Загляделся Донат на диво сие, а у самого мозги, как жернова, крутятся, и все без толку.
Глаза точно как у того купчика, что спас его вчера, росточка того же, нос, рот, волосы, еще бы бородку с усиками – копия.
Краска бросилась Донату в лицо: Бог весть о чем думает, а о том и не помыслил, что лежит в доме незнакомой женщины.
– Что тебя смутило, рыцарь? – спросила красавица.
У Доната лицо жалкое стало: где, мол, я, объясни!
Засмеялась:
– Ты мой гость, рыцарь. Мой брат просил меня дать тебе ночлег.
– Ах, у тебя есть брат! – обрадовался молодой стрелец: наконец-то все сомнения разрешены. – Но где же он?
– Уехал утром за рубеж по торговым делам.
Хотел подняться, оторвал от подушек голову, но все поплыло перед глазами, и Донат поспешно лег.
Пани опять засмеялась:
– Я принесу тебе квасу.

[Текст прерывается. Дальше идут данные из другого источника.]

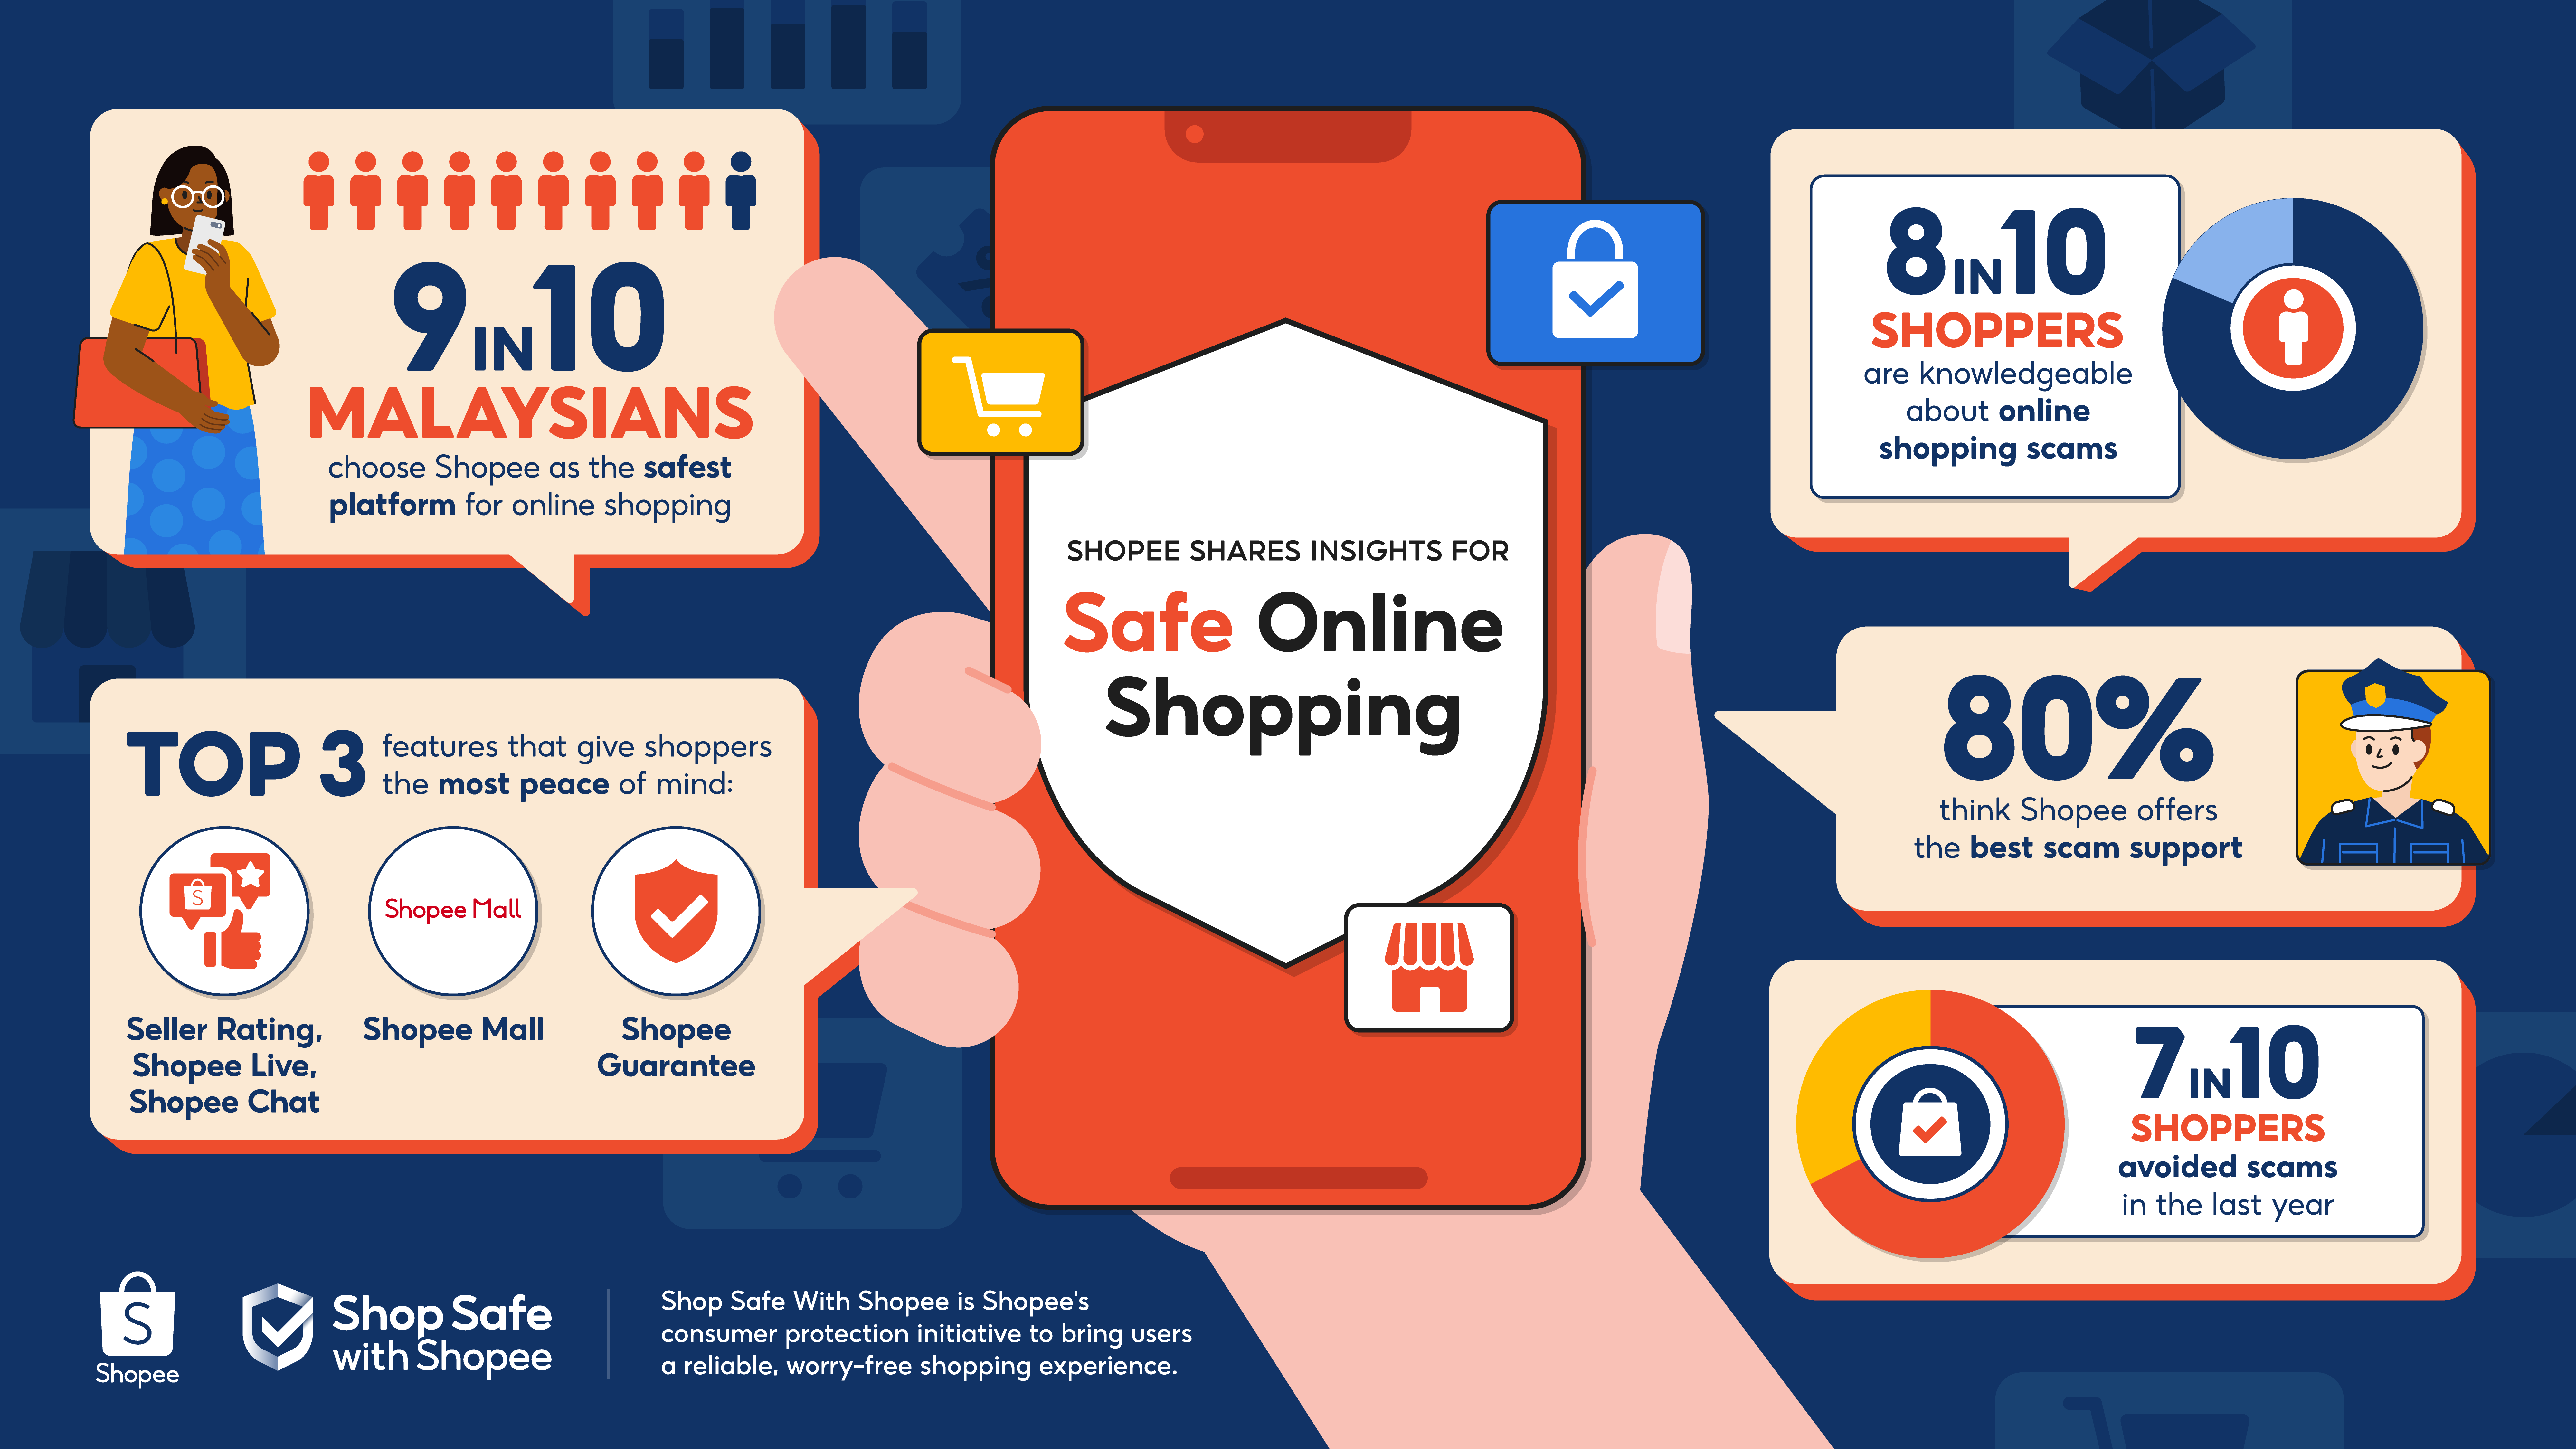 #ShopSafeWithShopee: 9 trên 10 người Malaysia thích Shopee vì mua sắm trực tuyến an toàn

Ты лежи. Мне надо уйти, но я скоро вернусь.
Пани принесла кружку анисового квасу. Донат выпил, закрыл глаза и заснул.
А в городе совершались дела удивительные и шумные. И не знал Донат, что тот шум не без его помощи гулял по Пскову.
Начало
Афанасий Лаврентьевич Ордин-Нащокин, в лисьем треухе, надвинутом на глаза, шея замотана платком, этим же платком снизу прикрыто лицо, с посошком, горбат, уходил от пани глухими улочками, а потом в закоулок, а там в избенку.
Избенка подземным ходом сообщалась с домом Ульяна Фадеева, верного человека.
В этом доме, который окнами выходил на Мирожский монастырь, Афанасий Лаврентьевич оставлял лисий треух, посошок, горб, переодевался в неброское городское платье маленького посадского человека и шел в монастырь. Служка пропускал его в келью игумена, а уж из этой кельи являлся холеный, высокомерный дворянин. Шапка высокая, шуба соболья. Идет на человека бородой. Не уступить такому дорогу духу не хватит.
Смешны нам те хитрости, затейливые и непомерные… Время! Простоту любили простые люди. У знатных красивым называли витиеватое, изощренная замысловатость принималась за великий ум и многие учености.
Никак, лет шесть не надевал лисьего треуха Афанасий Лаврентьевич. Этак слуги могут забыть, кому служат.
Вернувшись домой, закрылся в думной комнате и никого пускать не велел к себе.
Дел не делал. С мягкого стульчика в окошко поглядывал. А поглядеть было на что.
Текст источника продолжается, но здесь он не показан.